Because there about a million teenagers looking for jobs that can replace them in less than a second.

That’s funny considering the bullshit one has to go through for a minimum wage job. And waiting tables is a step up from that.

Seriously, people have to take personality test, pass background checks and submit references just to work at Subway. Waiters usually have to have experience and memorize the menu in addition to all that. If you were right you’d expect more teenagers to wait tables. I find that it’s usually college kids and older, however. The unemployment rate for teenagers is over 25%.

Raise their prices 15% or so. Customers are no longer expected to tip, so they break even. Servers are paid minimum wage or more based on merit just like everywhere else.

Oh goody! Another tipping thread. We’ll resolve it this time for sure.

Carry on.

Wow, common sense. Unfortunately, think of who your plan benefits and who is in charge of making these decisions. It will never happen.

Common sense if you want crappy service.

I like the current system, and have no problem with tipping. Apparently, the servers like this system, too. All you Mr. Pinks out there will have to suck it up!

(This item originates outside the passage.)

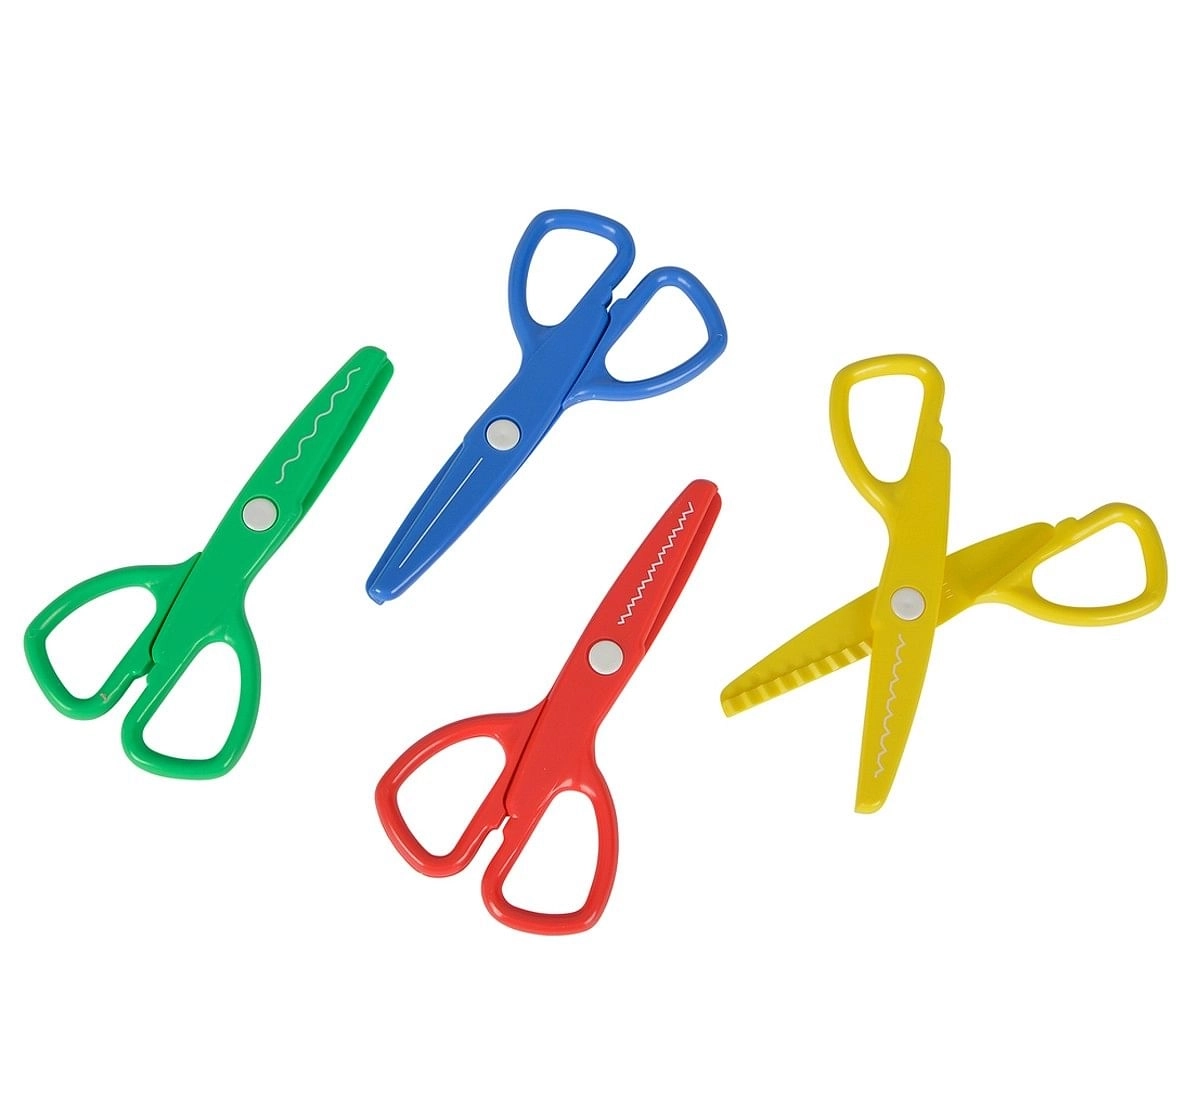 Simba Art and Fun 3 Scissors Multicolor 3Y+

Exactly. It’s weird how people underestimate the logistical problems cause by a full labor strike. Even McDonald’s couldn’t replace all their employees with comparable people in any short period of time.

That said, not all waiters are paid $2.13. Some states don’t have a tip credit, so those tipped employees get the state minimum wage (eg. California, Montana, Nevada, Oregon, etc.). I don’t think food is that much more expensive in those states, so I guess the restaurants eat the costs for the most part.